Familiares y organizaciones de derechos humanos convocan a una nueva vigilia por Miguel Bru en La Plata, al cumplirse 33 años de su desaparición forzada. La emotiva concentración tendrá lugar el próximo 17 de agosto, frente a la Comisaría Novena, sitio emblemático de su trágica historia y la persistencia de un reclamo de justicia.
El próximo 17 de agosto se cumplirán treinta y tres años desde la trágica desaparición de Miguel Bru, un joven cuyo destino se convirtió en uno de los símbolos más dolorosos de la violencia institucional en Argentina. Su secuestro, tortura, asesinato y posterior ocultamiento de su cuerpo, ocurridos dentro de las paredes de la Comisaría Novena de La Plata, marcan una herida abierta que la sociedad y sus seres queridos se niegan a cerrar.
Para mantener viva la memoria y la demanda de justicia, familiares y diversas organizaciones de derechos humanos han convocado a una nueva vigilia. Este acto conmemorativo no es solo un recordatorio de la ausencia de Miguel, sino también una reafirmación del compromiso con la verdad y la lucha contra la impunidad que aún persiste en muchos casos similares de abuso de poder.
Un Legado de Lucha contra la Impunidad
La elección del lugar para la vigilia no es casual: se realizará frente a la misma dependencia policial ubicada en 5 y 59, en La Plata, donde Miguel fue visto por última vez con vida. Este punto geográfico se transforma así en un epicentro de memoria, donde cada año se renueva el reclamo por un Estado que garantice la seguridad y los derechos, y no la vulneración de los mismos por parte de sus propias fuerzas.
Desde las 19 horas del 17 de agosto hasta las 2 de la madrugada del día siguiente, la comunidad se reunirá para encender velas, compartir testimonios y expresar su solidaridad. Este encuentro anual, que ya forma parte de la memoria colectiva platense, busca trascender el caso individual de Miguel Bru para señalar la necesidad de políticas de seguridad democráticas y el fin de las prácticas policiales abusivas que tanto daño han causado.

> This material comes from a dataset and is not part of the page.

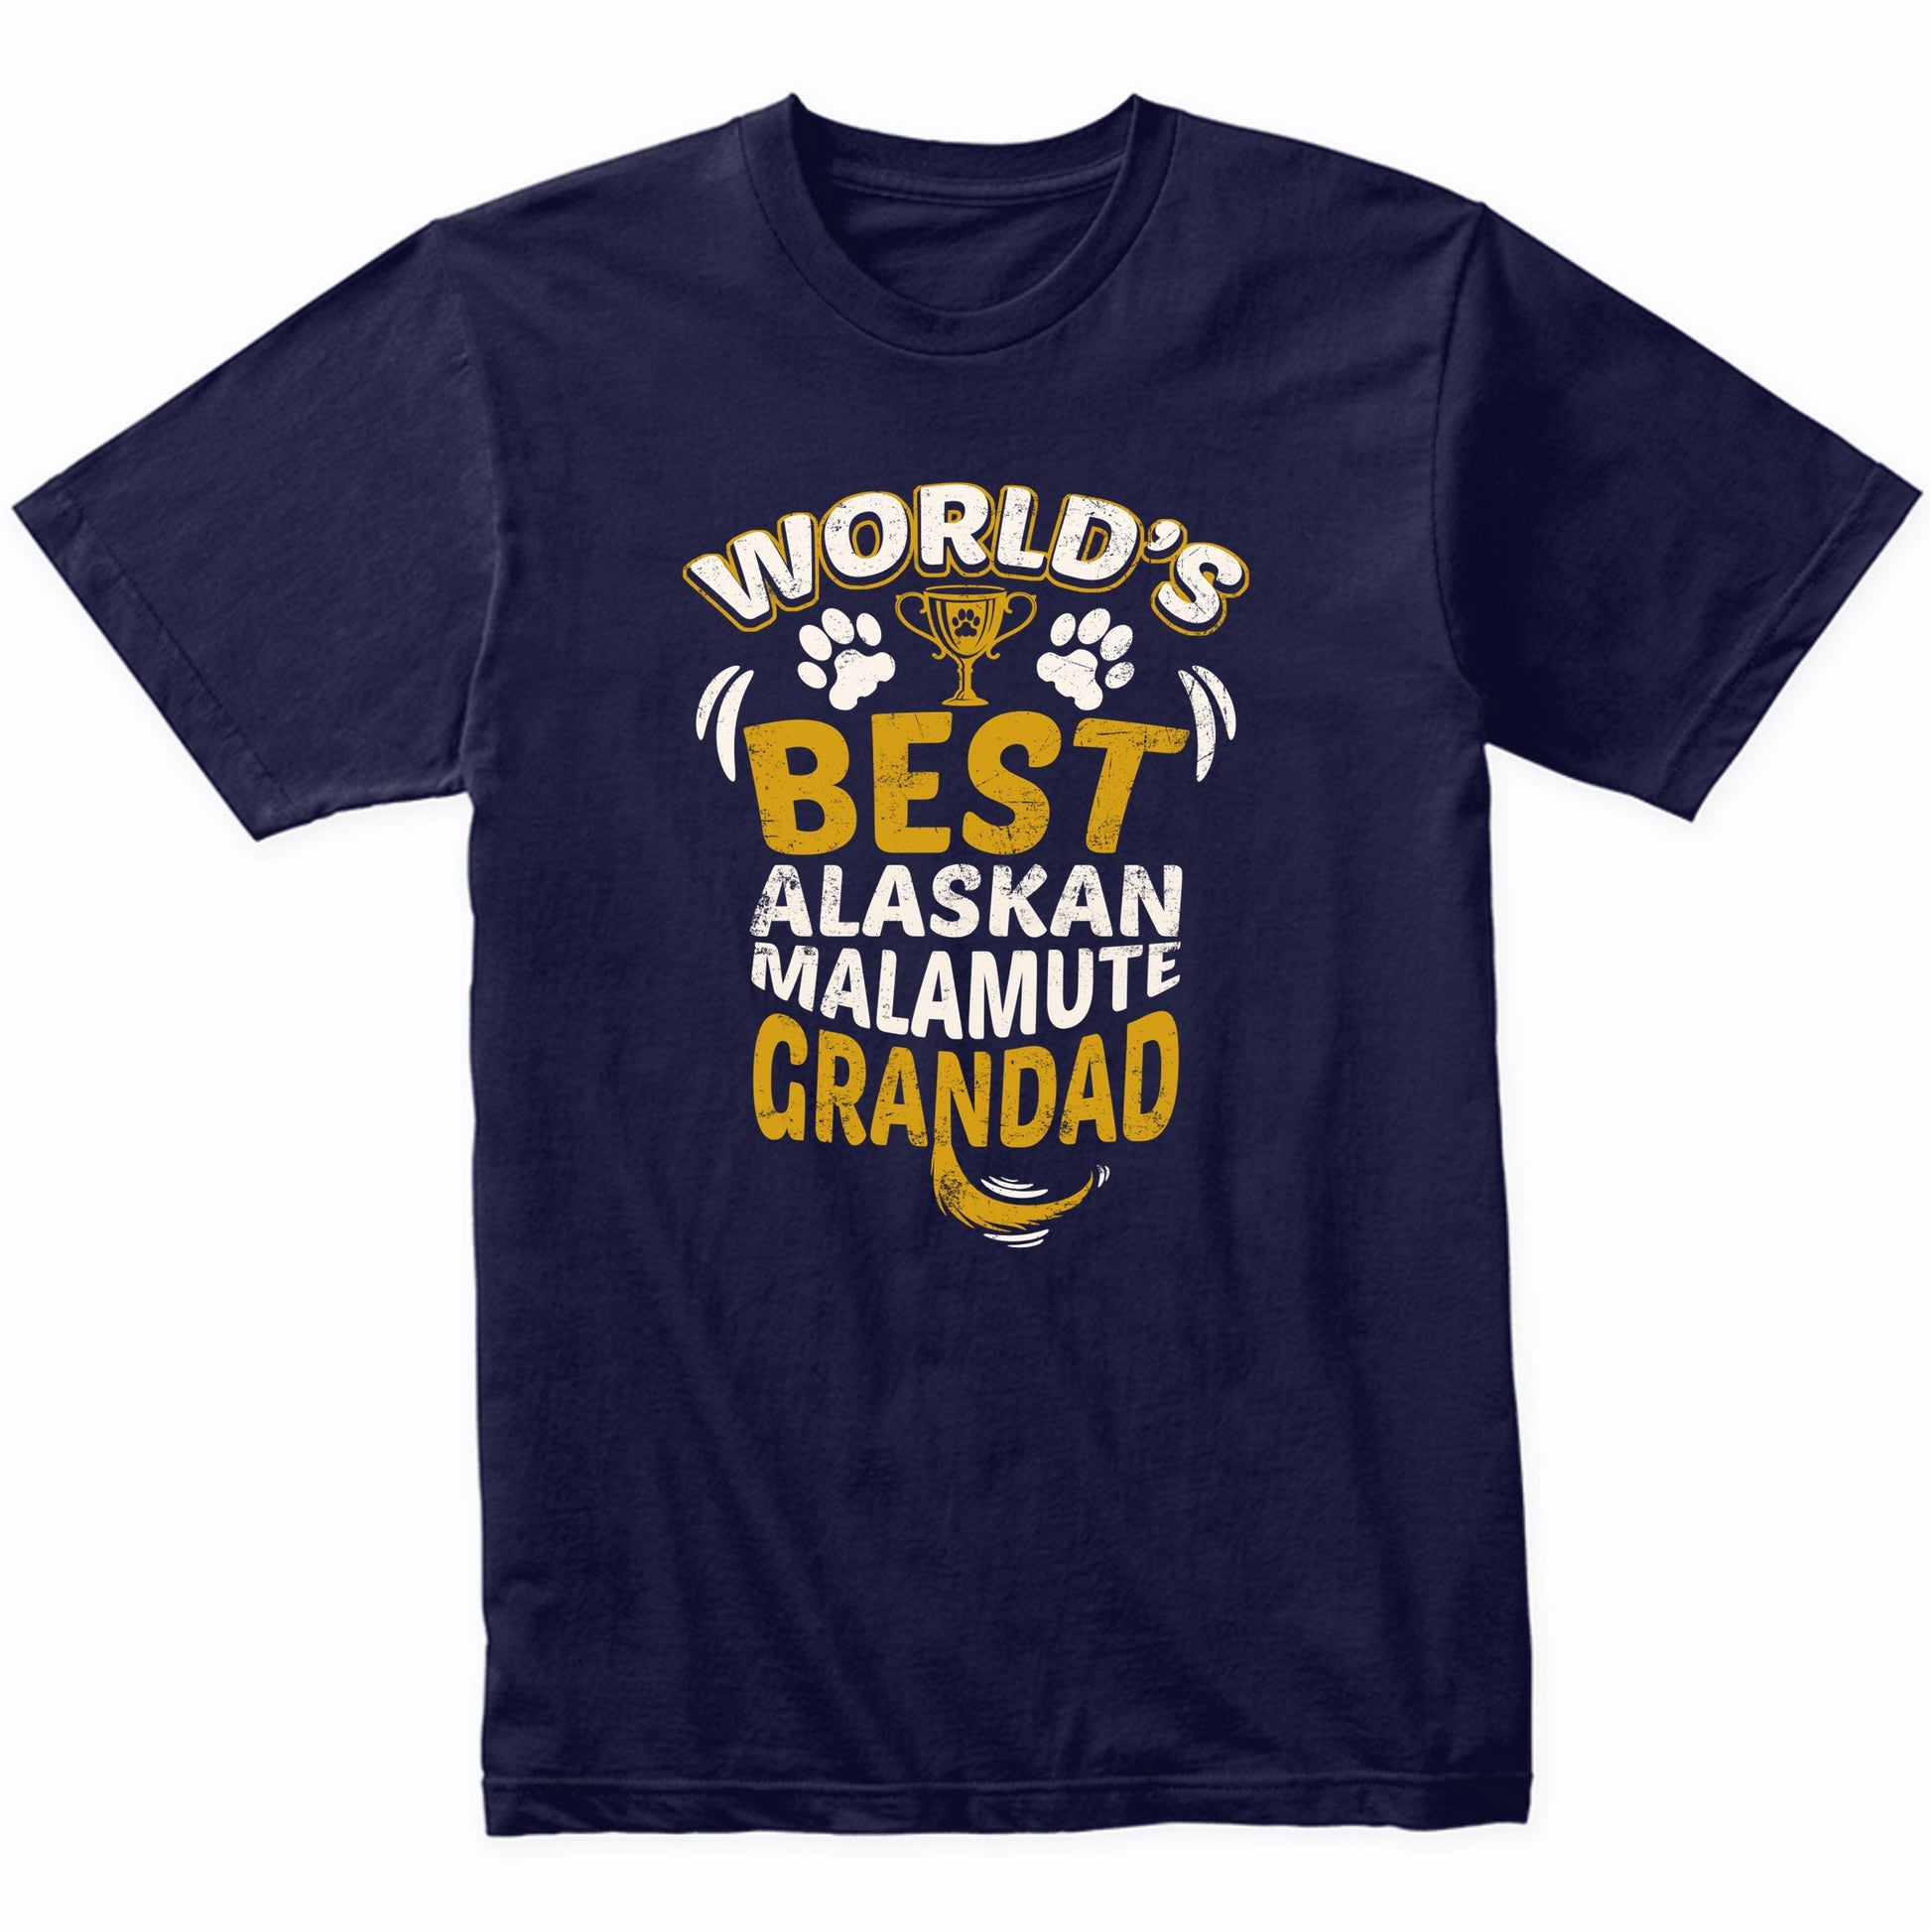 World's Best Alaskan Malamute Grandad Graphic T-Shirt

La Importancia de la Memoria Colectiva
La persistencia de la familia de Miguel, especialmente la de su madre, ha sido un motor incansable en la búsqueda de la verdad y en la promoción de cambios significativos dentro de las fuerzas de seguridad. Su incansable labor ha contribuido a sensibilizar a la opinión pública y a impulsar investigaciones que, aunque dolorosas, son fundamentales para la construcción de una sociedad más justa y consciente de sus derechos.
La presencia de organizaciones de derechos humanos subraya la dimensión colectiva de esta demanda. Su acompañamiento asegura que el caso de Miguel Bru no caiga en el olvido y que se continúe exigiendo justicia no solo para él, sino para todas las víctimas de la violencia institucional, reforzando la idea de que la memoria es un acto de resistencia y un pilar indispensable para la prevención de futuros abusos.

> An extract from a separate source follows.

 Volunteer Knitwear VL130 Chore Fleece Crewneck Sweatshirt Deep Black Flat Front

La próxima vigilia del 17 de agosto en La Plata no es solo un acto de conmemoración, sino una poderosa manifestación de que la sociedad no olvida a sus desaparecidos y que la lucha por la justicia y los derechos humanos es un camino ininterrumpido. Es un llamado a la reflexión sobre el pasado para construir un futuro donde la impunidad no tenga cabida y donde cada vida sea valorada y protegida por el Estado.